Stream Processing With Apache Flink
Chris Shumaker's notes on the book by Fabian Hueske & Vasiliki Kalavri
Updated October 14th, 2024
Book Notes By Chris
The Apache Flink project is well known for its low-latency stream processing capabilities. But what do we know beyond the documentation? There is much documentation dedicated to deploying and operating clusters and building applications. But today there are services like AWS Kinesis Data Analytics that hide significant complexity allowing you to quickly reach the limits of the framework. I am reading "Stream Processing with Apache Flink" to give myself a better idea of what it means to really own a Flink application in production.
Introduction
The opening chapters provide great context for why one might use Flink. While they do not explicitly enumerate and compare alternate streaming frameworks, the authors do a great job highlighting some key concerns of stream processing, namely dealing with state, scale, and performance. To the uninitiated, these might seem unnecessary but for anyone who's build a data pipeline with just AWS Lambda and owned it for a few months or years, you know that these concerns should not be afterthoughts.
Use Cases
The authors identify three main use cases: event-driven applications, data pipelines, and streaming analytics. Regarding event-driven applications, the authors compare using Flink to an alternate architecture using microservices. In a microservices architecture, you may have several representations of state which can become inconsistent or multiple methods of inter-process communication (messaging, API's, gRPC vs. REST, etc.) that can get in the way of correctness and expressiveness. There are also enormous performance gains to having a framework that safely manages and protects your application state while keeping massive amounts of event data in-memory rather than transferring over multiple web API's and database connections on every record.
Alternatives
I want to talk about alternatives more explicitly. The book calls out a specific Lambda architecture, batch processing, and prior generations of stream processing as alternatives to using Flink. Documentation on Apache Flink has similar callouts. However, I think many data engineers today will find that these comparisons are not very helpful.
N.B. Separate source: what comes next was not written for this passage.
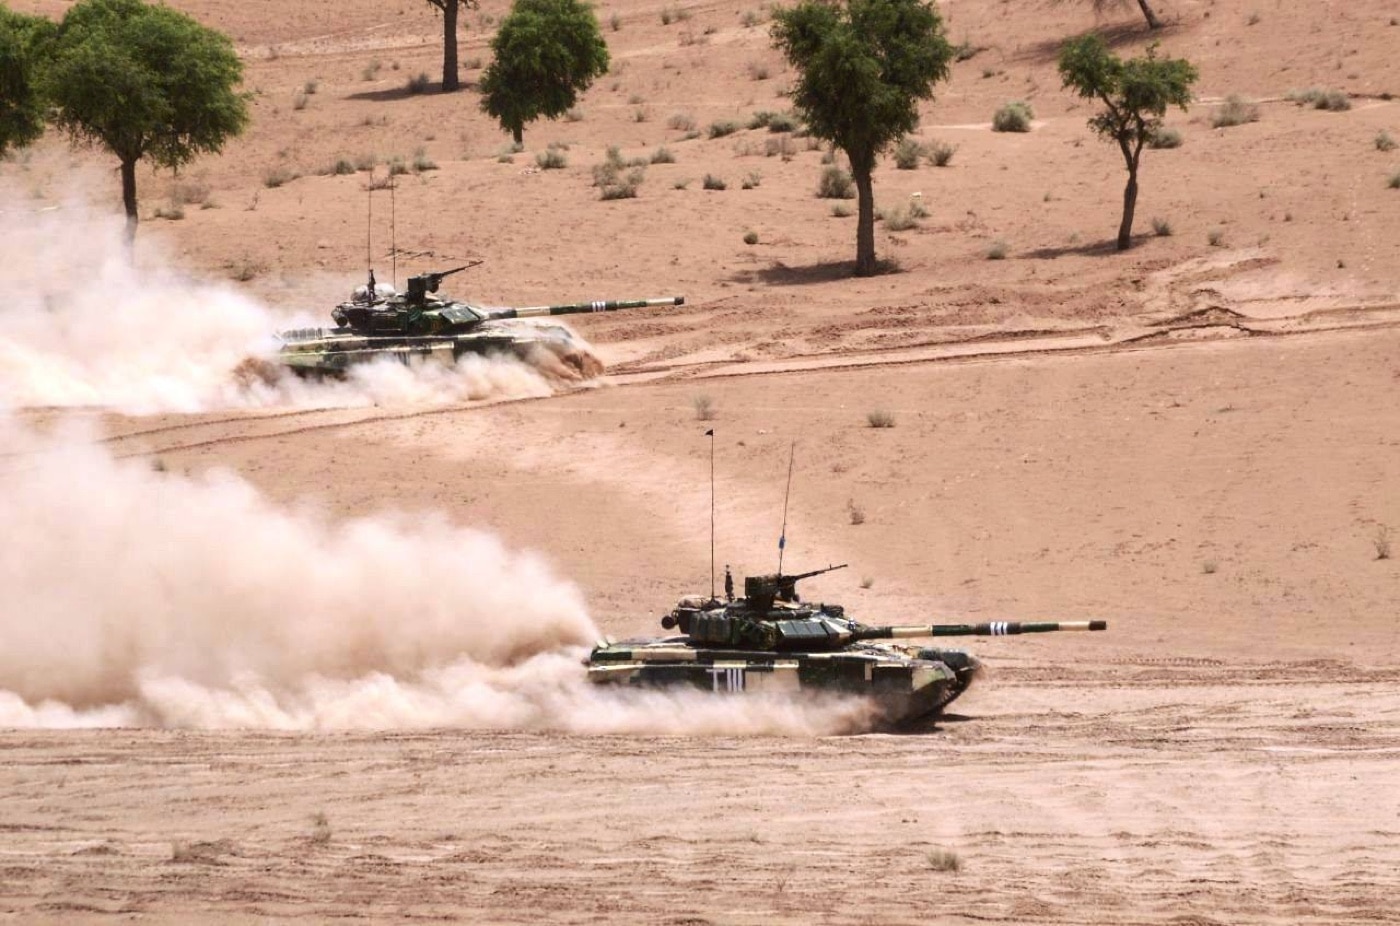 t-90s tanks in india army on training maneuvers in 2018
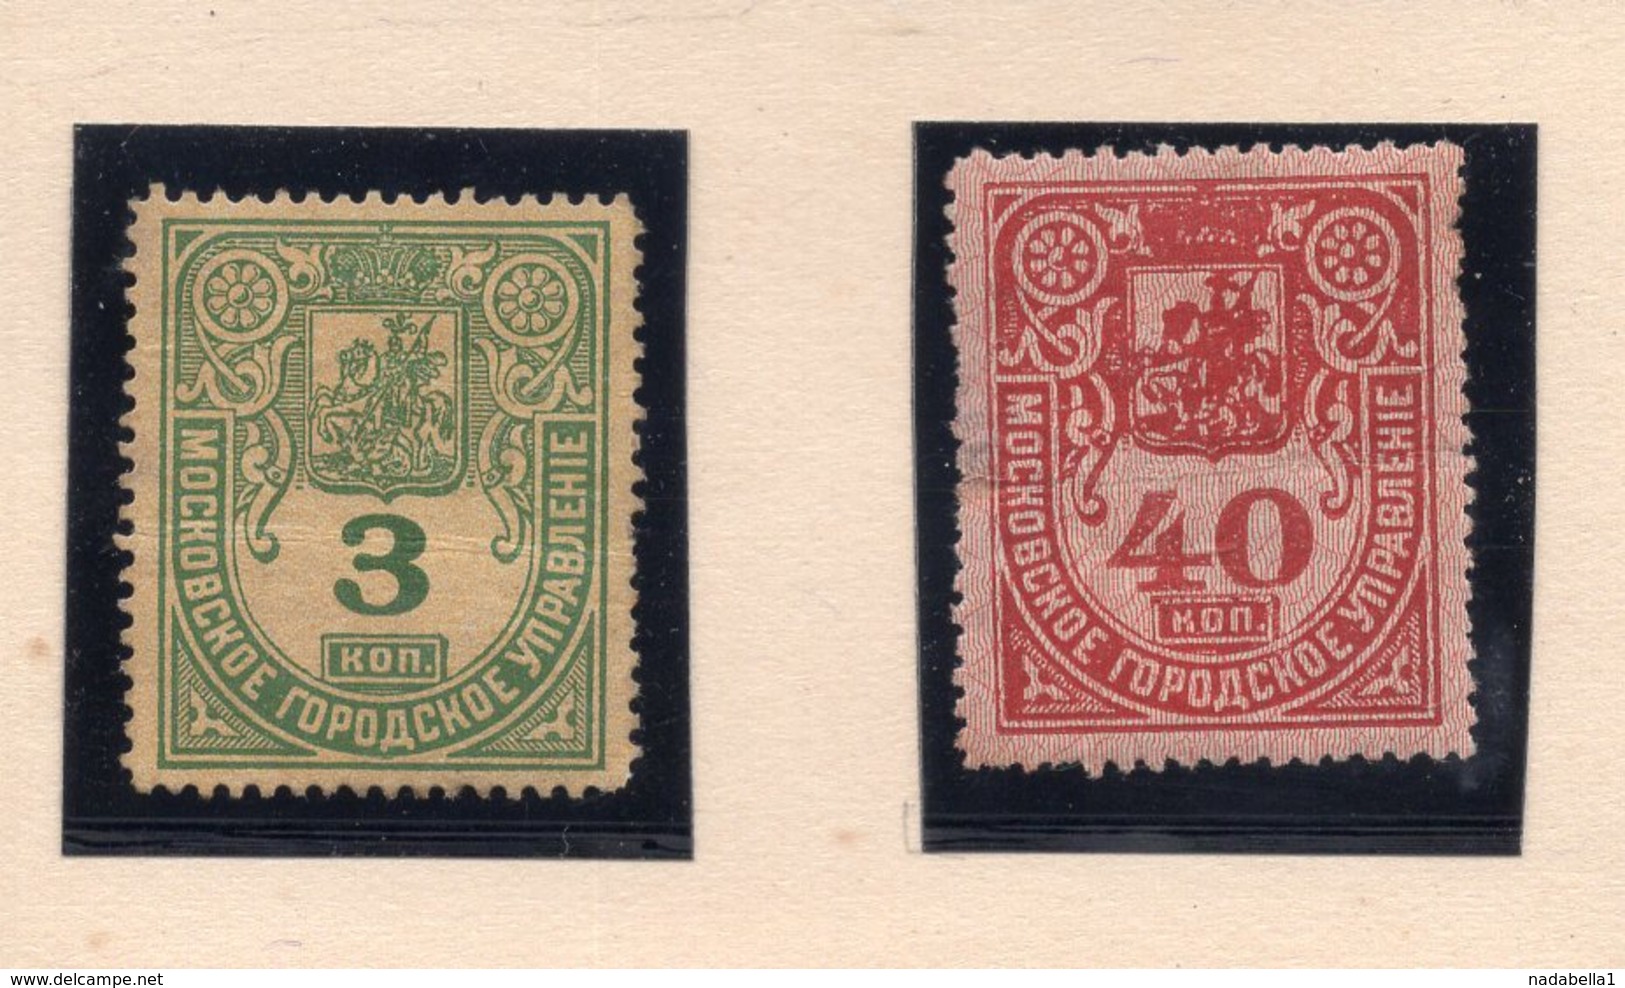 RUSSIA, MOSCOW, MUNICIPAL REVENUE STAMPS, 3 & 40 KOPEIKA, MH - Revenue Stamps

Personally, I have had great success pairing AWS Kinesis with AWS Lambda functions for near-realtime event processing and there are equivalents in lots of places. So let me identify a few major differences between that architecture and stream processing with Flink that will hopefully go beyond the obvious.
What Flink Provides Compared to AWS Kinesis + Lambda
Windowing
Using multiple streams (which necessitates windowing)
SQL queries on stream tables
Different scaling mechanisms
Automatic Optimization - Flink can dedicate all available compute to working operations while I/O-bound tasks wait. Lambda will be DIY and most people will just let them block or introduce multiple lambdas with additional streams, costs, and complexity.
Packaging and deployment
Open source flexibility
Options for message ordering guarantees (Lambda is DIY)
Choice of event-time versus processing-time semantics (Lambda is just processing time)
Knowledge is centered around stream processing while Kinesis/Lambda community, practices, books, and resources are tend to center around each service separately
What about checkpointing?
Actually, as a colleague of mine pointed out, Kinesis manages read positions for its consumers. This actually solves use cases around failures or updates within the Lambda consumers.
Fundamentals
Chapter 2 describes "dataflow programming" and how to represent an application as a directed acyclic graph. A dataflow DAG can be logical or physical. Examples of these graphes are available in the Flink documentation.
Parallelism
An interesting distinction is made between task-parallelism and data-parallelism. Flink allows resources to be distributed across partitions of the stream (data) and across various tasks (task). To achieve task parallelism with Kinesis and Lambda, one needs to invoke one Lambda from another or introduce an intermediate stream. This can fragment the logic of your application, make refactoring harder, and introduces more overhead to manage additional infrastructure. A Lambda/Kinesis architecture can, however, achieve some data parallelism if the stream is sharded or by configuring the Parallelization Factor introduced to Lambda in 2019. This is still limited to 2,000 concurrent lambda invocations (200 shard limit * 10 parallel invocation limit). The limit for Flink is much higher and does not require explicit configuration.
Data Exchange
It is important to understand how data can propagate through a distributed system. This doesn't just apply to stream processing, it's true in batch systems like Spark too. Hueske & Kalavri identify forward, broadcast, key-based, and random strategies. We often don't have to think about these, as they are managed by our engine. However, sometimes we can improve performance by controlling them manually. For example, very small tables can be "broadcast" in Spark to all executors so that no shuffles are required. Saving a large data exchange across nodes by pushing redundant data first is a worthwhile trade.